→ Exercise data:
◆ ◆ ◆ ◆

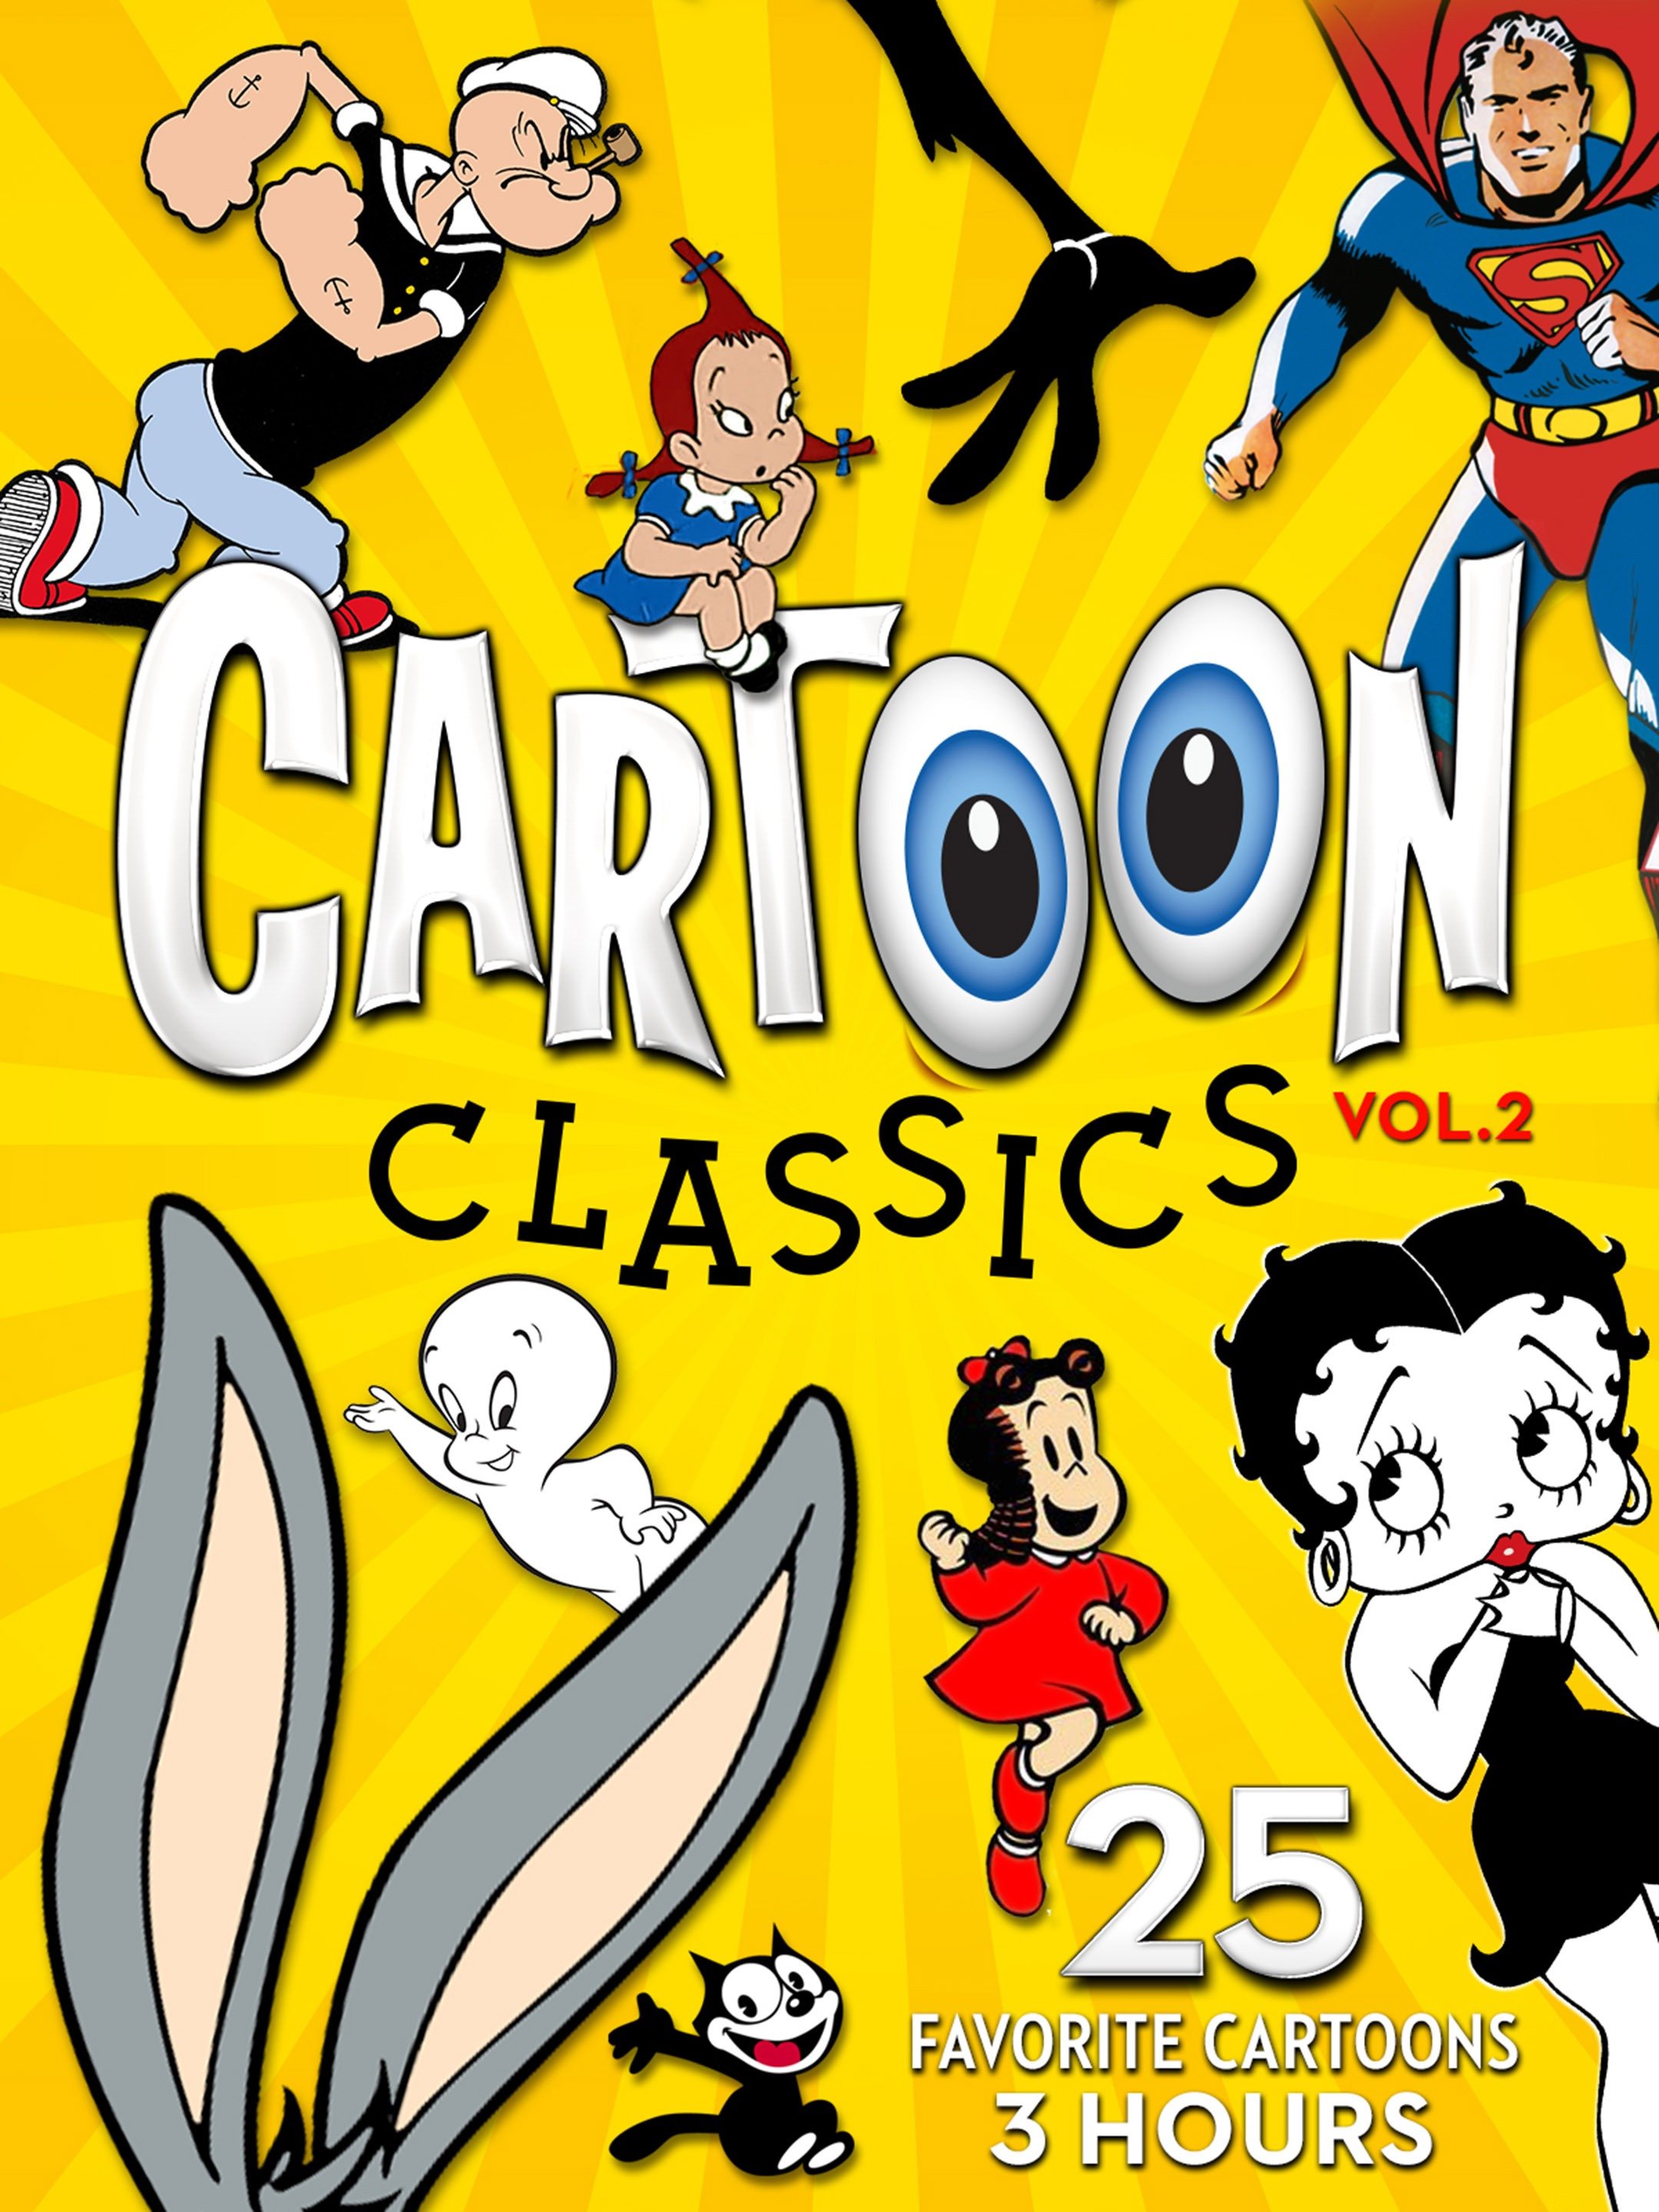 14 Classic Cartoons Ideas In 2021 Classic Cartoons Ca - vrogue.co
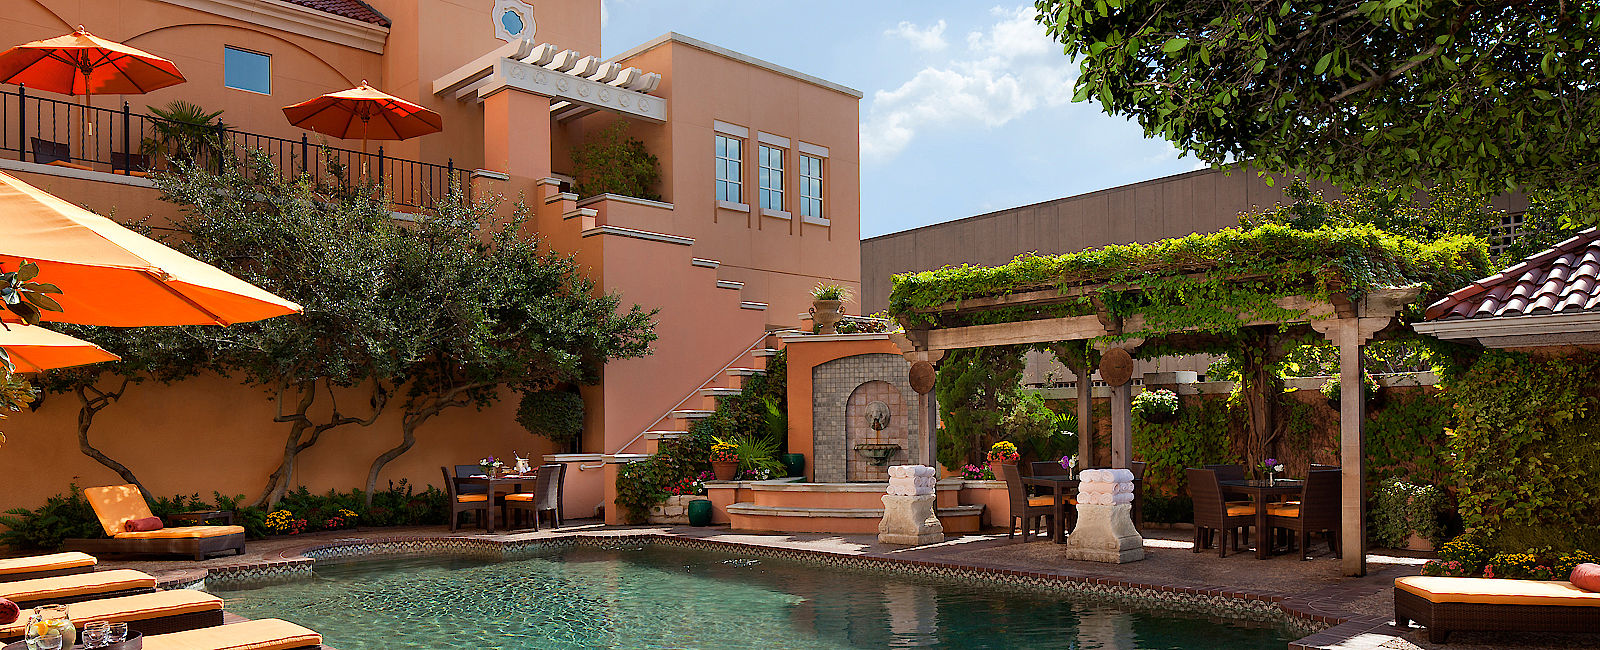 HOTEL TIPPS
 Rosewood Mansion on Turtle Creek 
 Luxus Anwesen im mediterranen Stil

◆ ◆ ◆ ◆

→ Directions: Reproduce the data above in full, exactly, with the images removed.

→ Exercise solution:
 14 Classic Cartoons Ideas In 2021 Classic Cartoons Ca - vrogue.co
 HOTEL TIPPS
 Rosewood Mansion on Turtle Creek 
 Luxus Anwesen im mediterranen Stil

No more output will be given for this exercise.